No Pará, o projeto “Replicando o passado”, idealizado pelo Museu Goeldi, estimula a produção de réplicas de peças de cerâmica das culturas Marajoara, Santarém, Aristé e Maracá a partir de uma cuidadosa pesquisa junto ao acervo da reserva técnica do Museu. A proposta é potencializar a produção oleira de Icoaraci (distrito de Belém) inspirada nas referências arqueológicas da Amazônia.

Adélia borges


 

Uma vez li um jornalista a quem admiro escrever que nós brasileiros somos uma civilização pobre de referências históricas, por sermos um país novo, sem lastro. Fiquei encafifada com a afirmação, reputando-a a uma ignorância a respeito de nós mesmos. Não estou apontando o dedo para ele e propositalmente deixo de citar seu nome. Assumo esse desconhecimento eu também. Por isso, o melhor aqui é usar a primeira pessoa do plural. Nós, brasileiros, acostumamo-nos a pensar que passamos a existir em 1500, quando os portugueses aqui aportaram. Chamar de “descobrimento” foi um dos fatos que fez esse passado ficar enevoado, parecendo pouco importante.

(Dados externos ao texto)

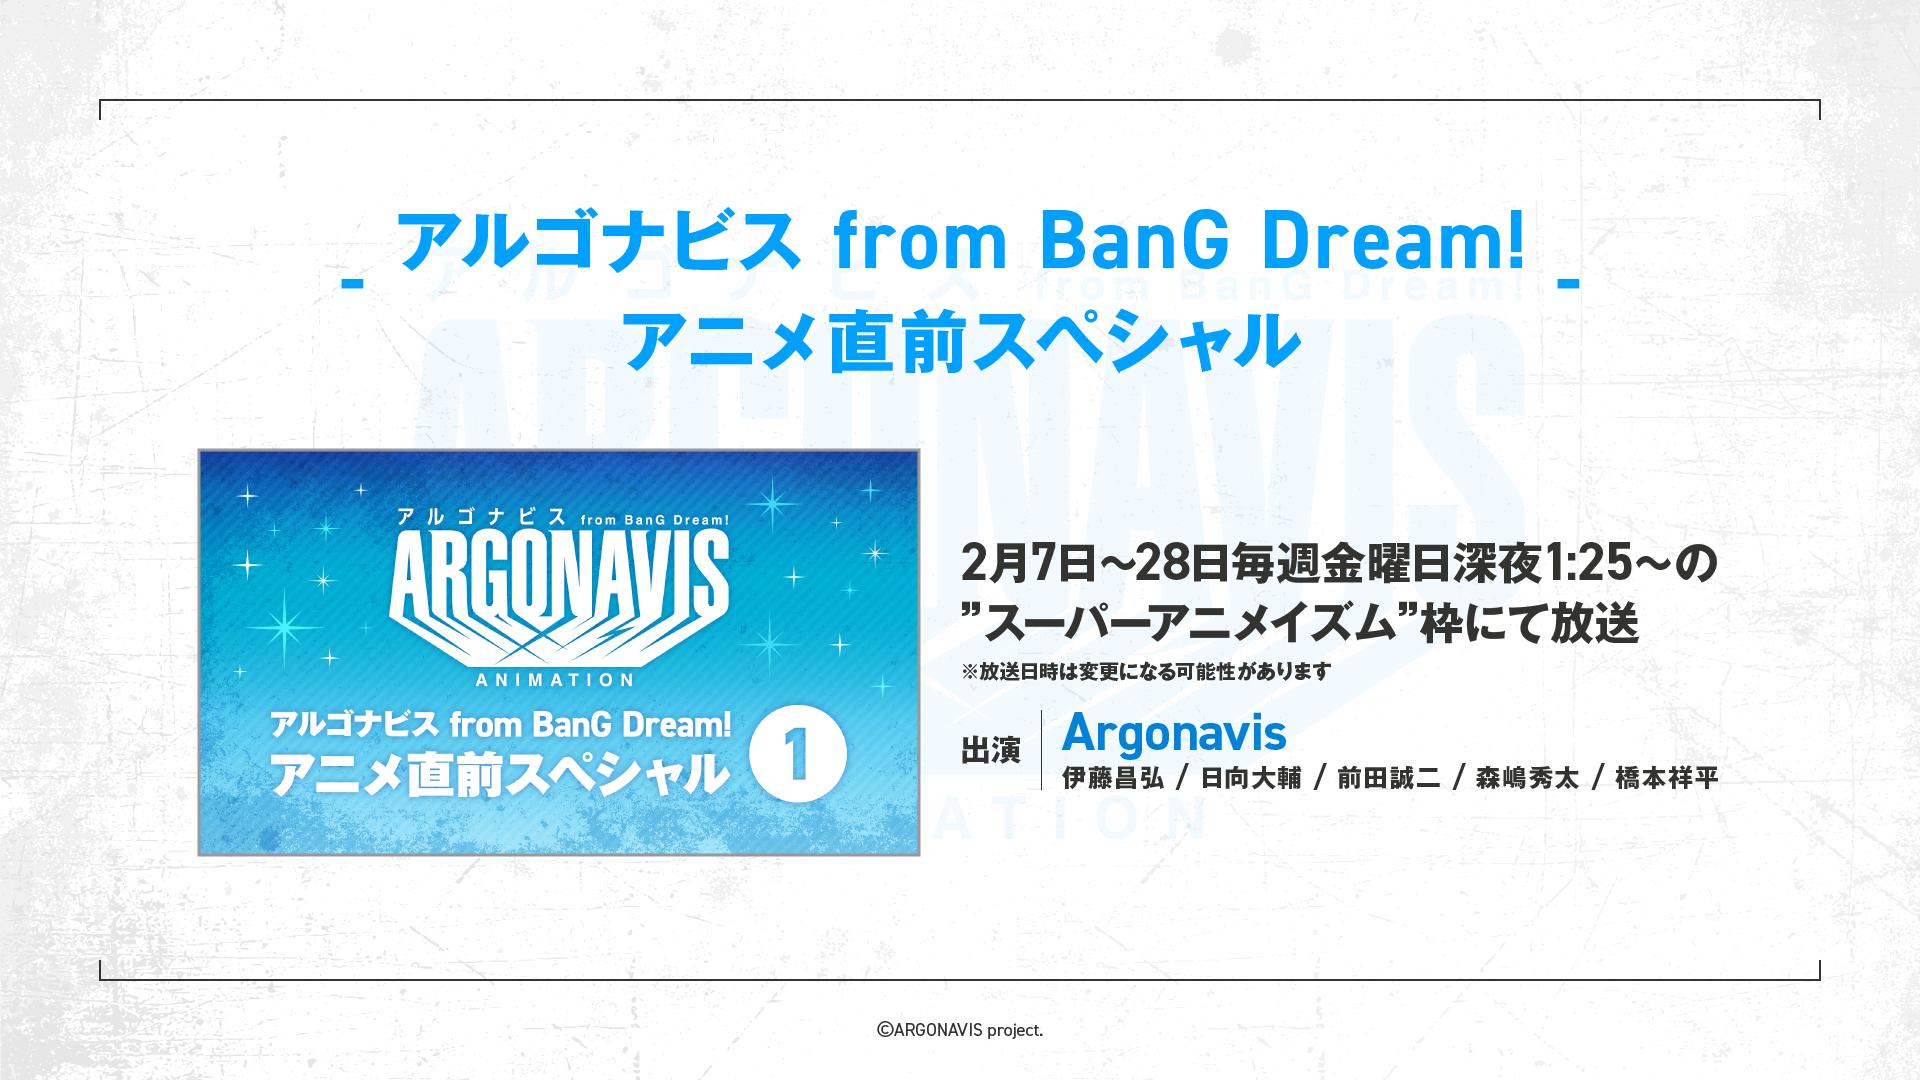 アルゴナビス from BanG Dream! アニメ直前スペシャル

O projeto “Replicando o passado”, empreendido pelo Museu Emílio Goeldi, em Belém (PA), pode contribuir para encurtar essa lacuna no que se refere às civilizações amazônicas, através da produção seriada de réplicas de peças do seu acervo. A iniciativa vem sendo gestada desde 2017, numa parceria entre a equipe de arqueólogos do Museu, ceramistas do bairro de Paracuri, distrito de Icoaraci, na capital paraense, e o Liceu Escola Mestre Raimundo Cardoso.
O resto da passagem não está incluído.